Data Development
You must use the same data source for Study 1 and Study 2 in Project B. That data source must either be:
- NHANES data, as discussed here.
- something else, as discussed here.
- To encourage people to use data other than NHANES, there is a four-point bonus in the final project B grade available for all projects which use non-NHANES data.
Data Requirements for Study 1 and Study 2
- Number of observations
- If you are using NHANES data, you will need between 500 and 7,500 observations with a minimum of 500 observations containing complete data on all of the variables you will use in Study 1 or Study 2.
- If you are using any other data source, you will need between 250 and 10,000 observations, and at least 250 with complete data on all variables you will use in Study 1 or Study 2.
- We require that all variables treated as quantitative in Study 1 (Analyses A, B, or C) or as your quantitative outcome in Study 2 contain at least 15 unique values.
- The data must include a unique coded identifier (
SEQN
in NHANES) for each row (subject.)
- Number and type of variables for Study 1 (where you will do 4 of the following 5 analyses)

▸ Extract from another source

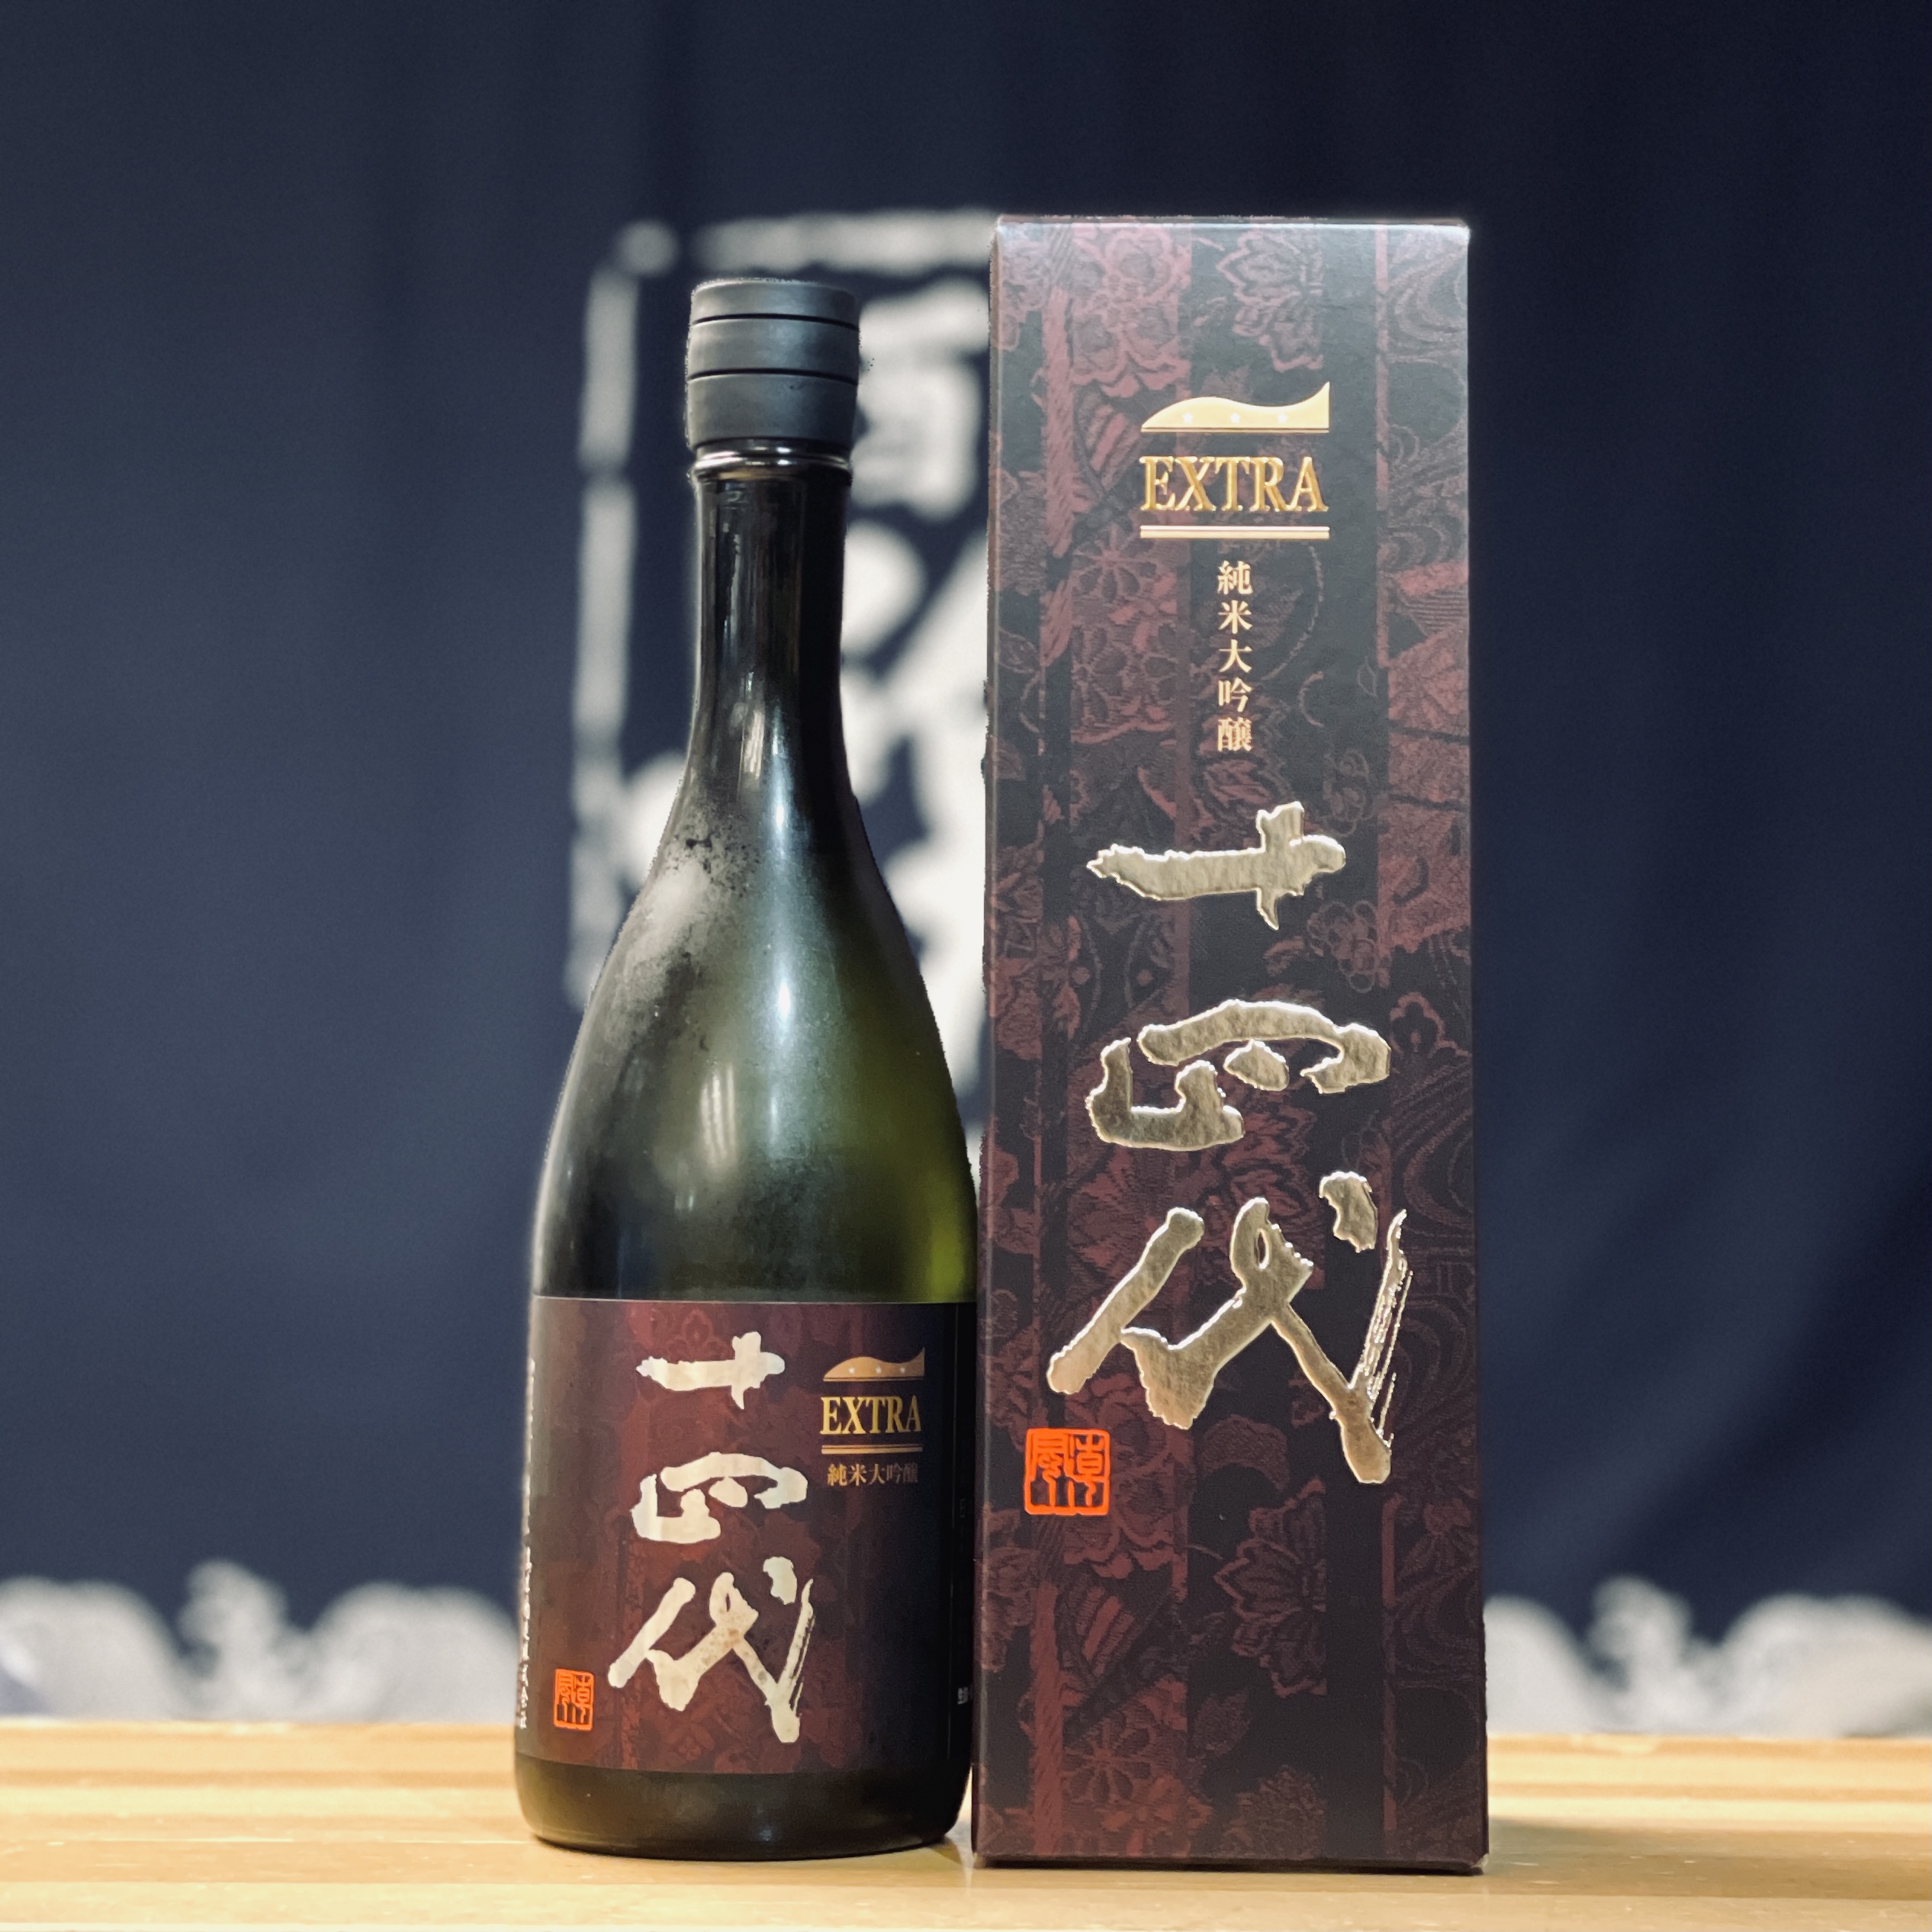 定番国産 日本酒 十四代 エクストラ大吟醸の 安い最安値

- For Analysis A, you will need appropriate data to allow you to compare two means using paired samples. So that would require a set of paired measurements of the same quantity, perhaps measurements of the same subjects before and after the application of an exposure. Again, we require that all variables treated as quantitative in Study 1 (Analyses A, B, or C) or as your quantitative outcome in Study 2 contain at least 15 unique values.
- For Analysis B, you will need appropriate data to allow you to compare two means using independent samples. This would require a quantitative outcome (with at least 15 unique values), and a binary categorical variable which divides the data into two subgroups, so that each subgroup has a minimum of 30 observations.
- For Analysis C, you will need appropriate data to allow you to compare 3-6 means using independent samples. This would require a quantitative outcome (with at least 15 unique values), and a multi-categorical variable with 3-6 categories which divides the data into subgroups, so that each subgroup has a minimum of 30 observations.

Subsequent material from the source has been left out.